G. Charpentier et Cie, éditeurs (p. 35-44).

V

— Alice, je vous en prie, restez en place ; jamais, non, jamais je ne pourrai parvenir à faire votre portrait si vous changez ainsi constamment de pose, de physionomie et d’attitude.

— Mais aussi, dites-moi, Richard, qui vous a donné la merveilleuse pensée d’immortaliser mes traits et votre talent ! C’est bien, très bien, l’intention est bonne, je sais, et si vous ne parvenez à faire de mon image qu’une petite chose informe et sans valeur, ce ne sera certes pas votre faute. Vous feriez volontiers un chef-d’œuvre, je sais cela, mais ce n’est pas si facile, non vraiment.

— Que vous êtes méchante, Minny ; vous savez que j’ai le malheur de vous aimer et de trouver que vous êtes la plus jolie chose que Dieu ait créée…, l’idéal de tous mes rêves, la poésie de mes pensées…, tout pour moi, qui vous aime, oh ! qui vous aime trop, Minny.

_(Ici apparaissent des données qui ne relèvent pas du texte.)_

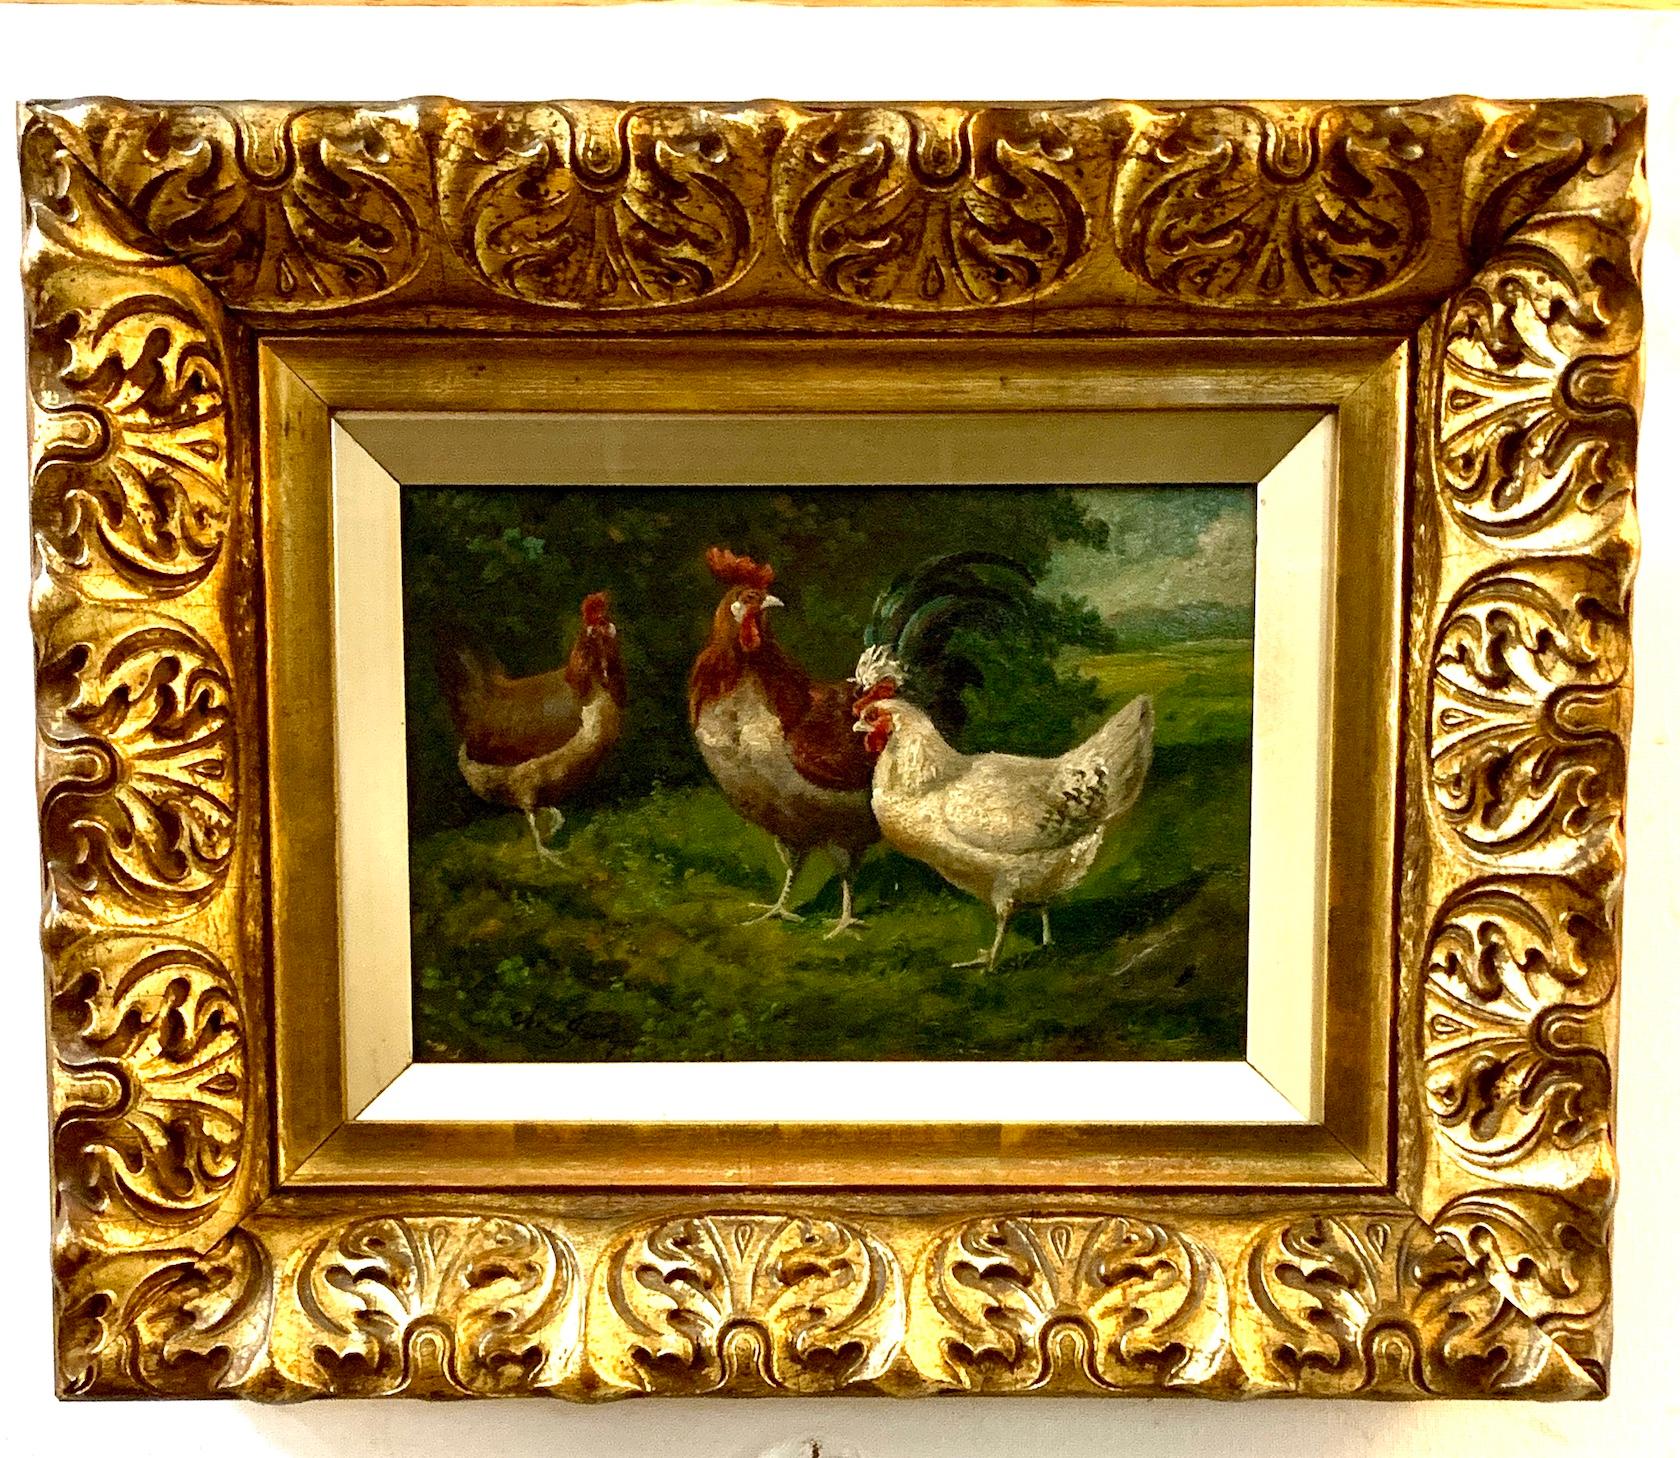 Französische Hühner aus dem 19. Jahrhundert in einer Landschaft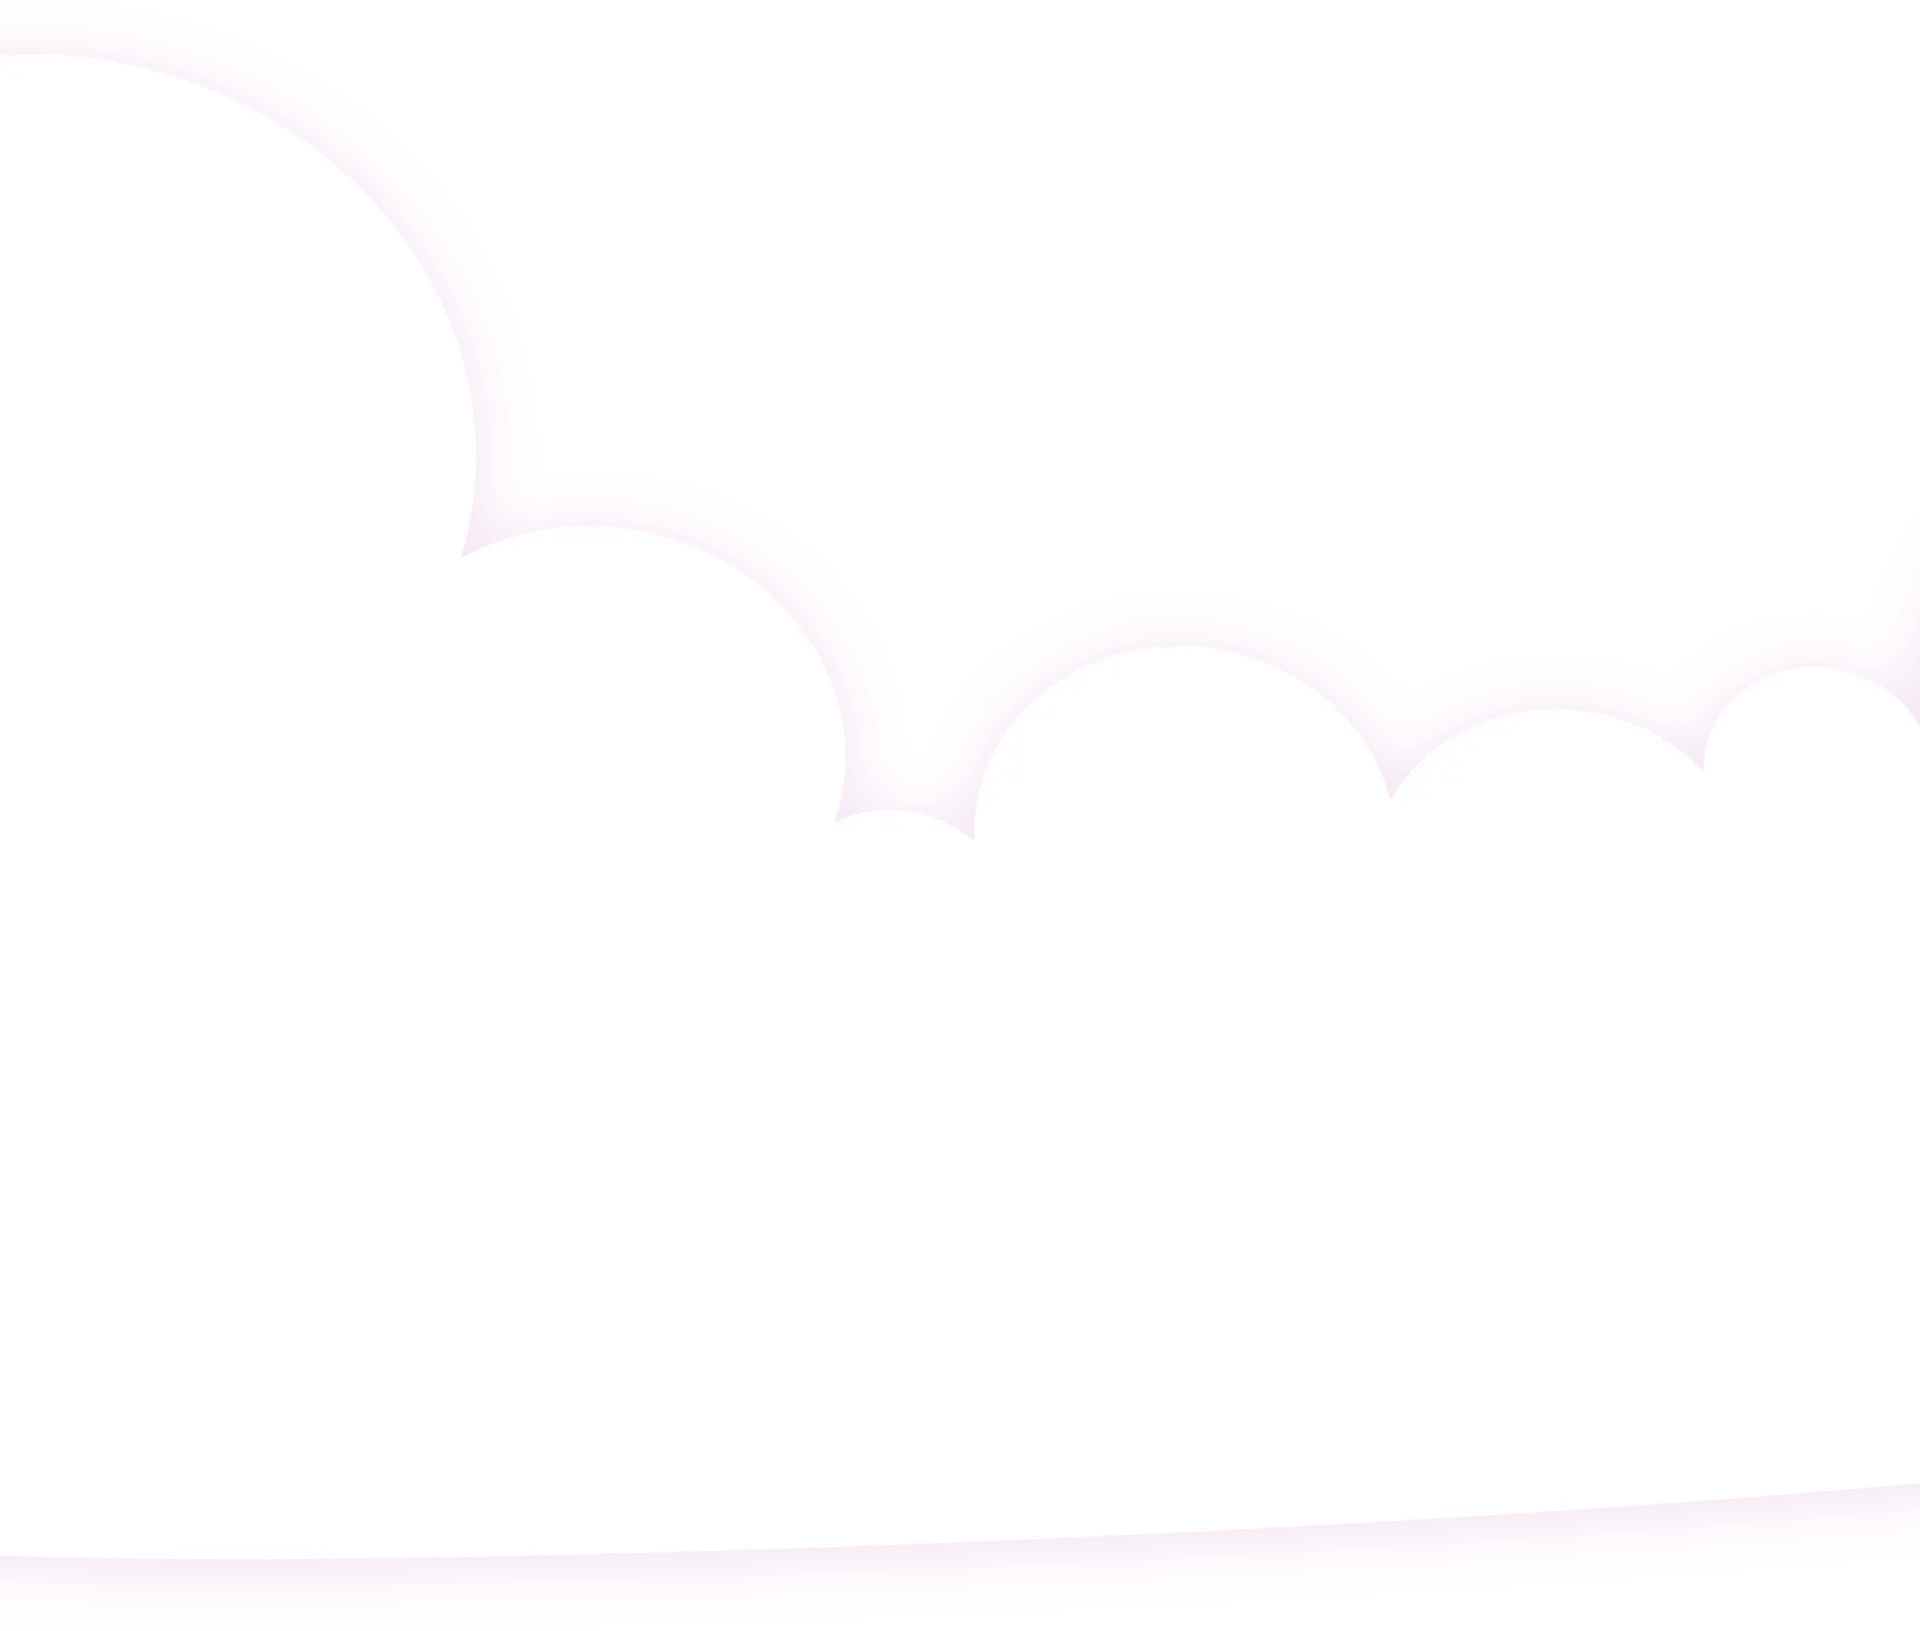  cloud

— Je crois réellement que c’est une déclaration. en règle qu’il me fait…, la poésie de ses pensées ! Enfant ! Pour un écolier d’Eton, voilà qui est précoce, s’écria miss Beaumont en effeuillant un camélia rose dont elle lança vivement les pétales au nez de son cousin. « L’idéal de ses rêves ! » Oh ne prenez pas ce ton sentimental avec moi, Richard ; vous me rappelez le petit Linsbury et vous savez que je ne puis le souffrir… Pourtant il a vingt ans…, tandis que vous… seize à peine. C’est trop drôle. Oh ! laissez-moi rire. Vous êtes un fou, un vrai petit fou, mon cher Dick. Qui m’aurait dit que vous aussi seriez tombé dans ce travers… ridicule ?

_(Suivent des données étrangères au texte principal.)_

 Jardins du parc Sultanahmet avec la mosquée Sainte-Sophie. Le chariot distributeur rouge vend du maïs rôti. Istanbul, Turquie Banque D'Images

— Alice, Alice, taisez-vous ; mon Dieu, est-ce ma faute à moi si je vous aime ?

— Mais il est vraiment très amusant, ce garçon ; ses doux yeux bleus et ses joues roses me font penser à une petite fille habillée en page. Venez ici, que j’arrange vos cheveux, là. Regardez-moi. Vous êtes joli comme un cœur, Chérubin. Reprenez votre palette maintenant et soyons sérieux… J’espère que me voilà immobile ; qu’en dites-vous ? Le petit Richard Barcley poussa un profond soupir, leva au ciel ses grands yeux mélancoliques, ramassa ses pinceaux, donna un coup d’œil à la miniature commencée et murmura en enlevant une feuille de camélia tombée dans ses cheveux blonds :

— Vous êtes bien heureuse, Alice, de n’aimer personne.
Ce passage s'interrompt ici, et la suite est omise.